Air warfare branch of Tajikistan's military

The Tajik Air and Air Defense Forces (Военно-воздушные силы и противовоздушная оборона Таджикистана; Қувваҳои ҳавоӣ ва мудофиаи Тоҷикистон) is the aerial military service branch of the Armed Forces of the Republic of Tajikistan, which currently consists of 20 helicopters. The force engages in search and rescue missions, as well as military raids.

==History==
The Air Force was established the same year as the National Army.
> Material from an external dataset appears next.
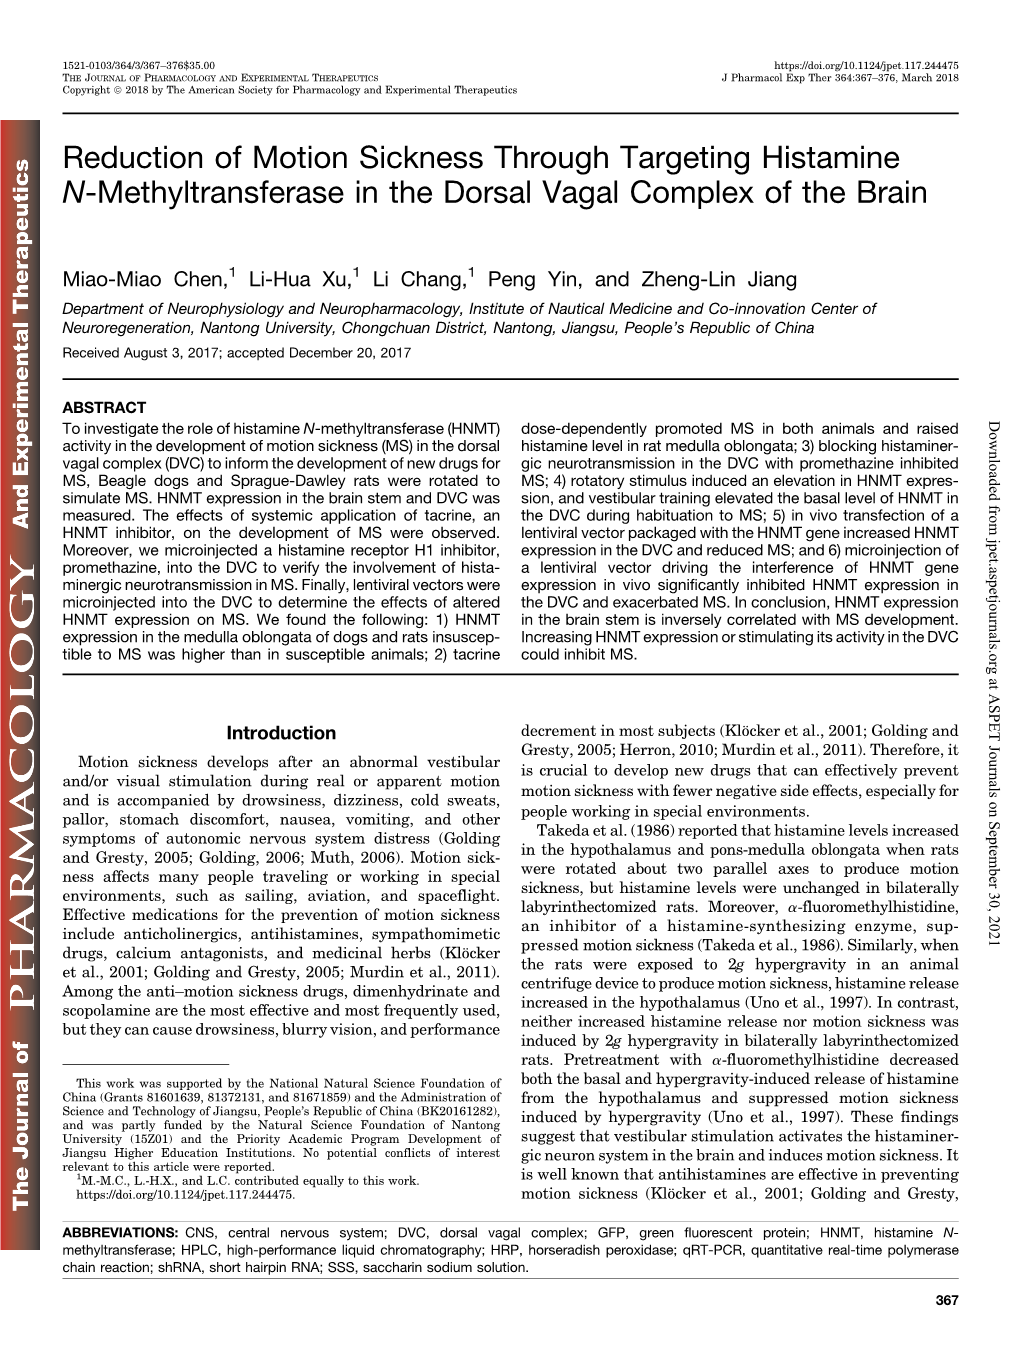 Reduction of Motion Sickness Through Targeting Histamine N-Methyltransferase in the Dorsal Vagal Complex of the Brain

The Air Defense Forces were established in 1994. As a result of military reforms and the common goals and objectives, in 2005 the two forces were merged.

In 2007, it consisted of sixteen combat and support helicopters, prior to which the country had relied on the Russian Air Force for protection. Tajikistan is part of the Joint CIS Air Defence System, and its airspace is monitored by Russia. Currently, no air defense capabilities exist, with the exception of a few surface-to-air missiles that were transferred to the Tajik Army. Russia opposes Tajik's ambition of a more capable air force, and Moscow has consistently declined to supply fighter aircraft or assist modernizing its military air traffic control system. Russia's assessment is that its own air force contingent at Gissar and in Kazakhstan is sufficient to ensure adequate security for Tajikistan. Tajikistan's modest number of combat-capable helicopters are primarily tasked with search and rescue and airlift duties; they have been occasionally deployed to attack opposition forces. Dushanbe receives minimal foreign military aid and has no funding available for procurement of fixed-wing combat aircraft. Moscow bolstered Tajikistan's rotary wing capability in 2006 by providing six Mi-8 and Mi-24 attack helicopters. It also provided four L-39 training aircraft.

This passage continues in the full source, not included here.